Polymer-Attenuated Coulombic Self-Assembly (PACS) is a flexible experimental approach for generating crystals from simple colloidal building blocks. The central components are charged spherical particles coated with a polymer brush that prevents irreversible aggregation. Whether oppositely charged colloids crystallize, and which structures they form, depends on several factors, including colloid concentration, charge, and size, as well as the salt concentration of the solution. Molecular dynamics (MD) simulations are a powerful tool for predicting the outcomes of PACS assembly experiments and also provide particle-level insight into the assembly processes. Here, we present an open-source simulation framework, PACSim, that enables MD simulation studies of assembly by PACS across a range of experimentally relevant scenarios. PACSim is built on top of OpenMM, a flexible MD simulation framework that readily supports the implementation of different interaction potentials, as well as integration with other tools such as enhanced-sampling and machine-learning frameworks. We describe the motivation for PACSim, outline its features, report methodological advancements inspired by this framework, and provide examples of its use.

Editorial analysis

A structured set of objections, weighed in public.

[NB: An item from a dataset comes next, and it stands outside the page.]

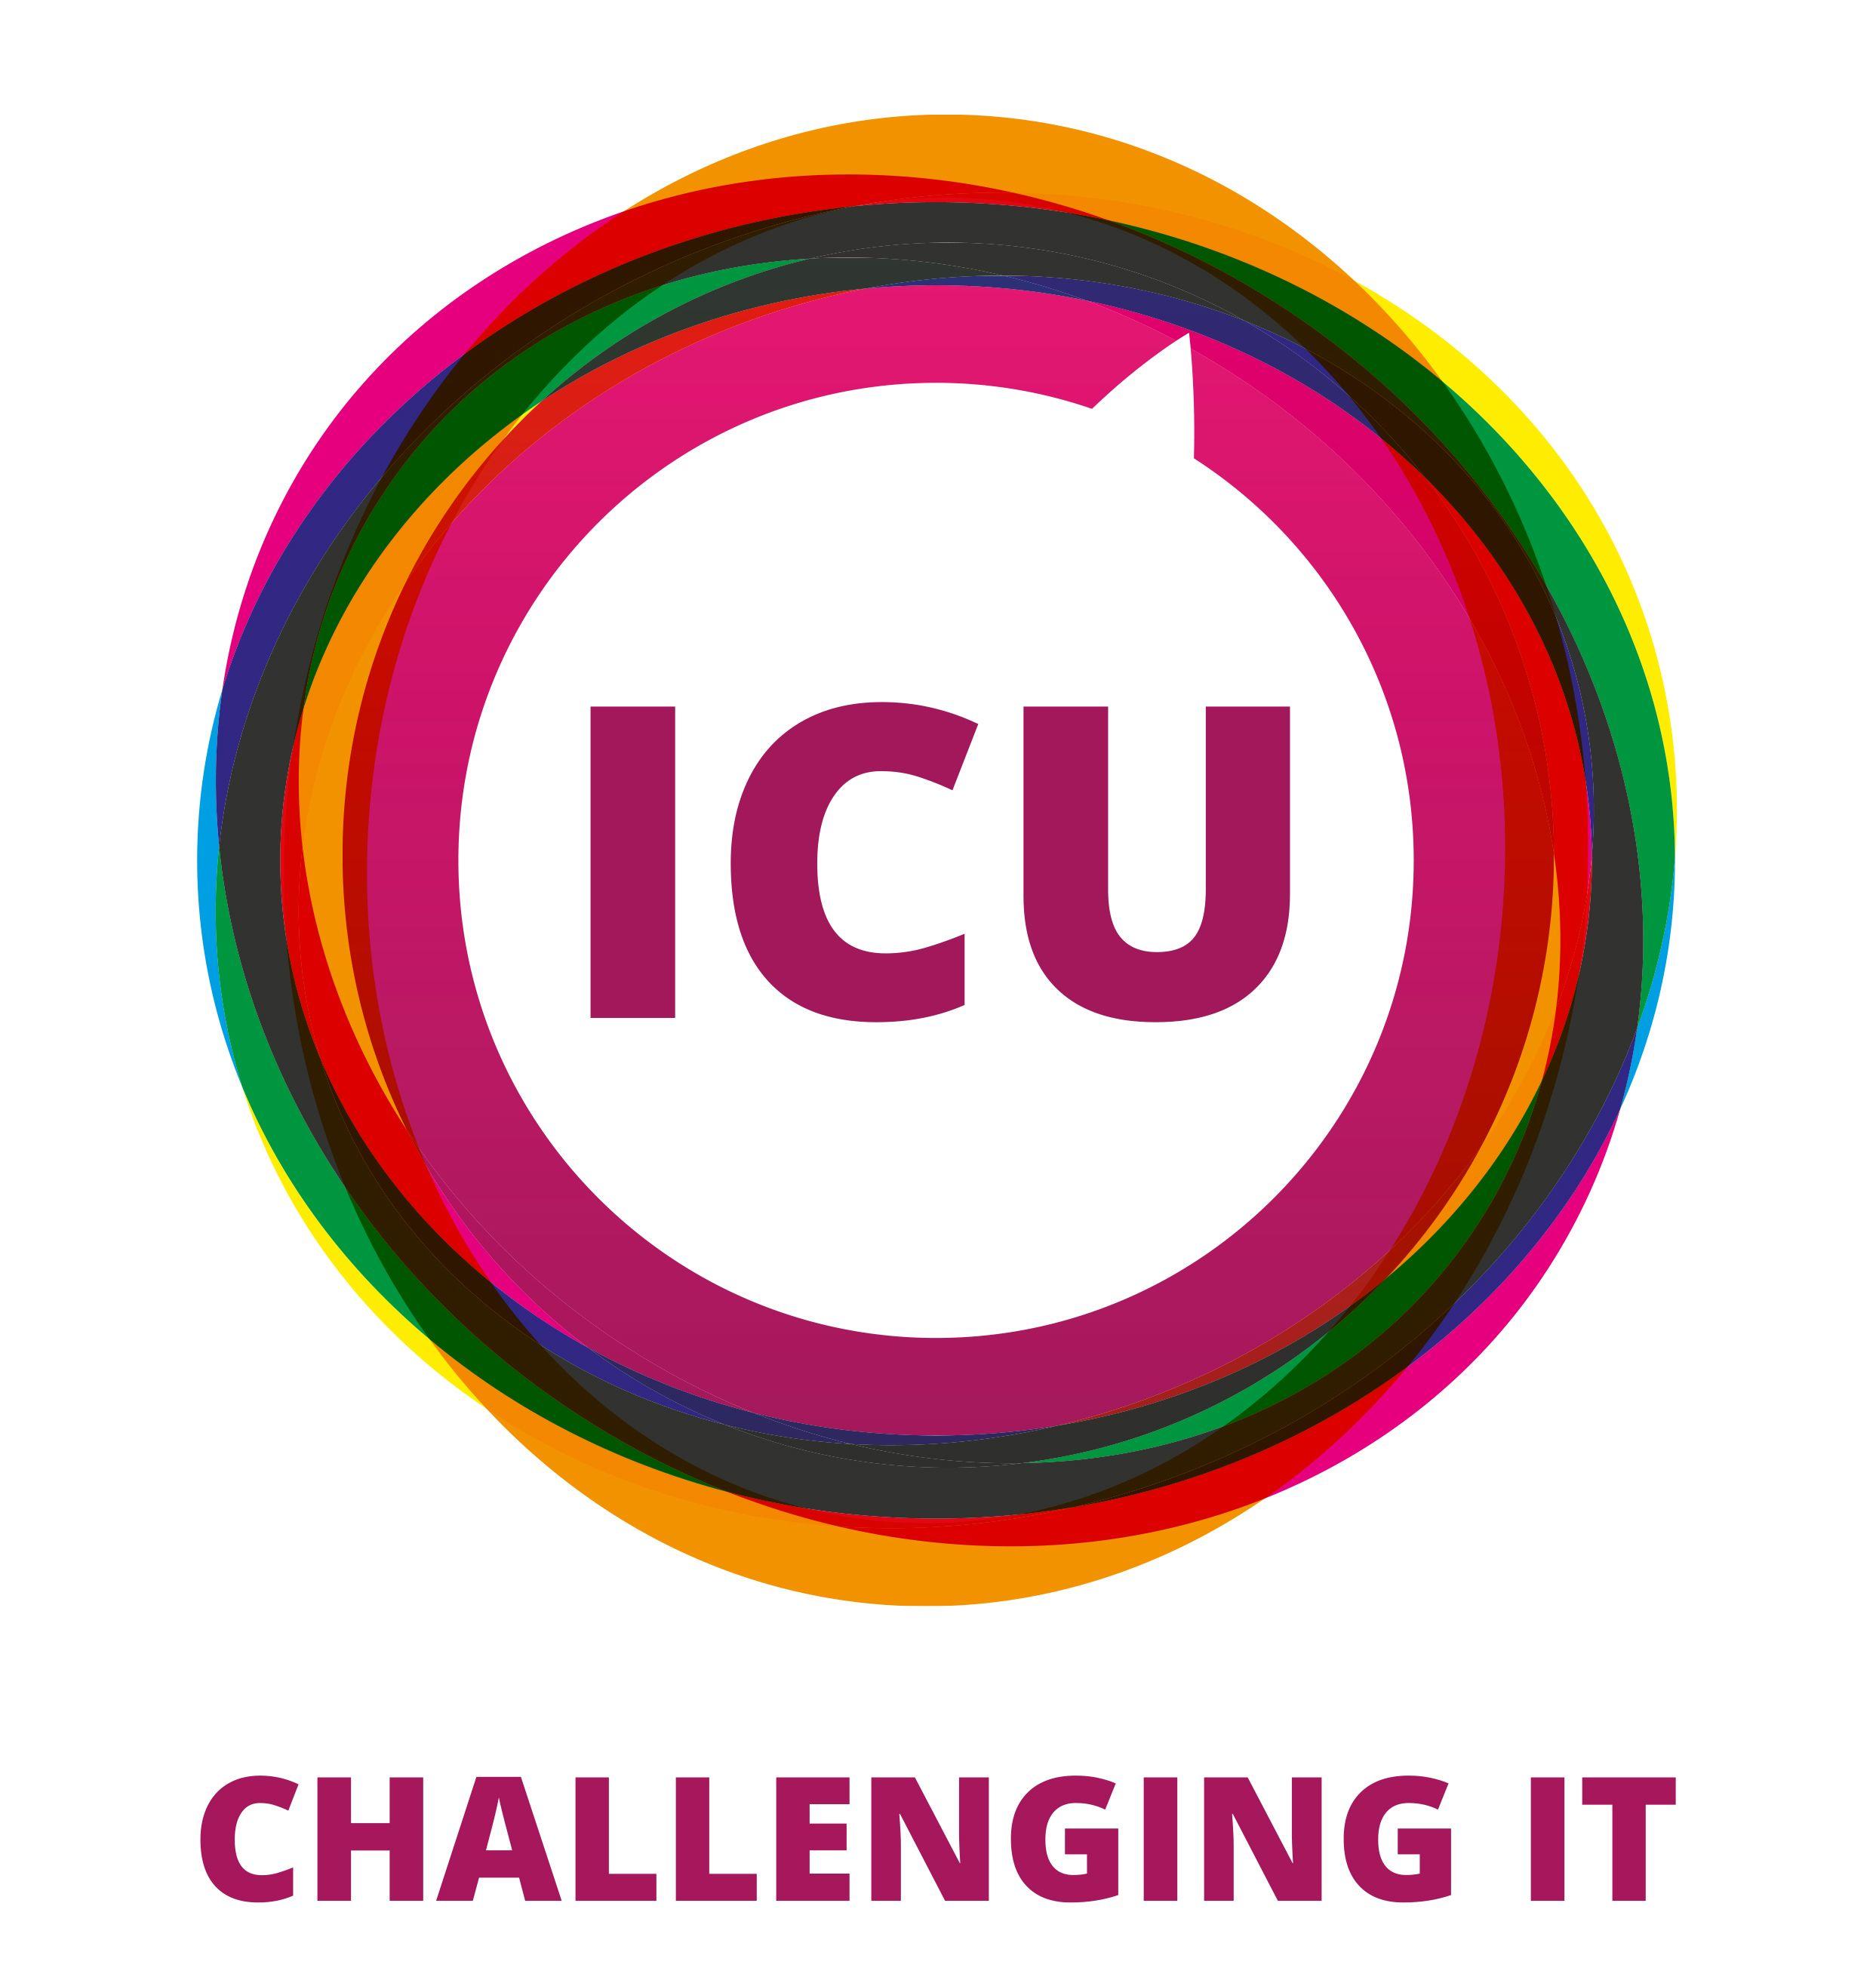 ICU Logo - About ICU IT!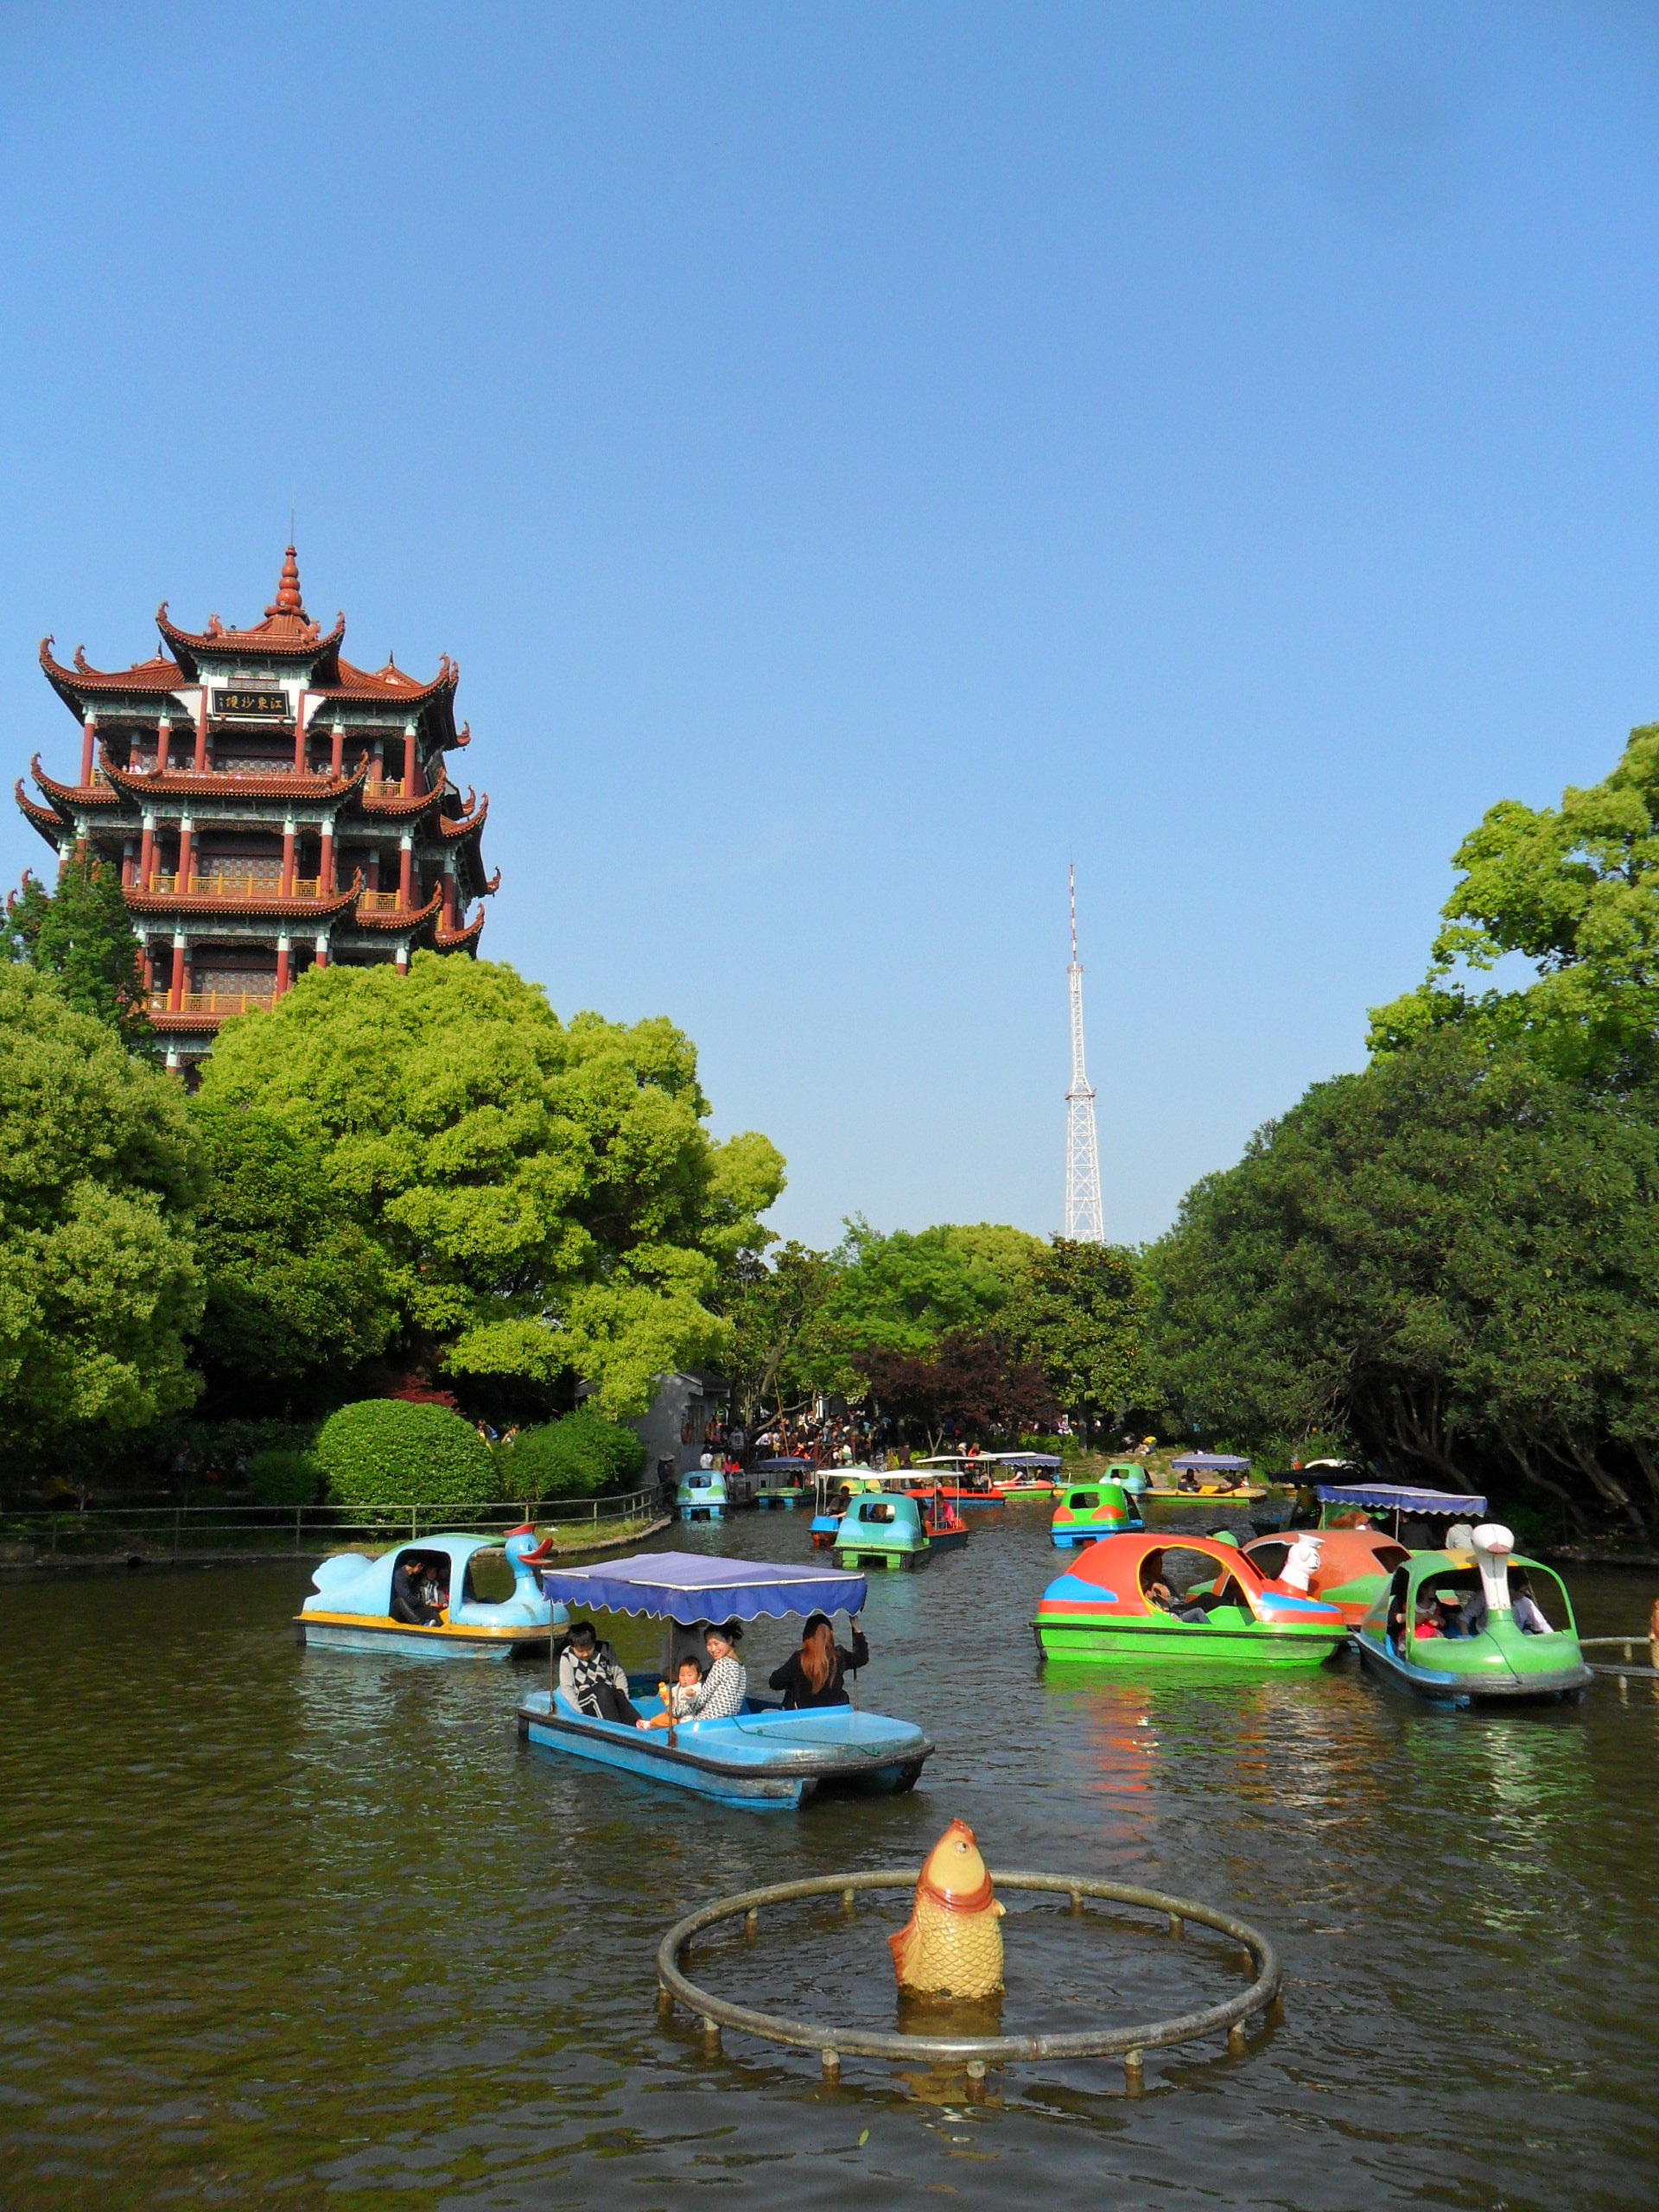 【携程攻略】上海川沙公园景点,川沙古城上的一座免费

Desk editor's note, referee report, simulated authors' rebuttal, and a circularity audit. Tearing a paper down is the easy half of reading it; the pith above is the substance, this is the friction.

Desk Editor's Note private letter to a colleague

PACSim is a practical OpenMM-based framework for PACS simulations that packages useful features, but it lacks the experimental benchmarks needed to establish predictive accuracy.

read the letter

Hi colleague, PACSim packages an OpenMM framework for running MD on polymer-attenuated Coulombic self-assembly of colloids. It lets users explore assembly under varying salt, charge, and concentration conditions without building the setup from scratch. The main advance is the dedicated, open-source implementation that supports flexible potentials and hooks into enhanced sampling or machine-learning tools. The usage examples make the workflow concrete and show how the code can be applied to experimentally relevant cases. This kind of targeted tooling can save time for groups already working on PACS. The soft spot is the missing validation. The paper describes the potentials and implementation but does not report direct comparisons to experiment, such as simulated versus measured critical salt concentrations or observed crystal symmetries. Without those checks it is unclear whether the coarse-grained models capture the key balance of repulsion and attraction or miss important brush-conformation effects. This is a methods paper aimed at soft-matter researchers who do or plan PACS experiments and want a simulation companion. A reader looking for a ready starting point in code will get value from it. The work is coherent on its own terms and shows honest engagement with the technique, so it deserves a serious referee. I would send it to peer review and expect reviewers to ask for some benchmarking results.

Referee Report

2 major / 2 minor

Summary. The manuscript introduces PACSim, an open-source MD simulation framework built on OpenMM for studying Polymer-Attenuated Coulombic Self-Assembly (PACS) of charged colloids coated with polymer brushes. It describes the motivation from experimental PACS, outlines framework features including support for different interaction potentials, reports methodological advancements, and provides usage examples for simulating assembly across experimentally relevant regimes of concentration, charge, size, and salt concentration.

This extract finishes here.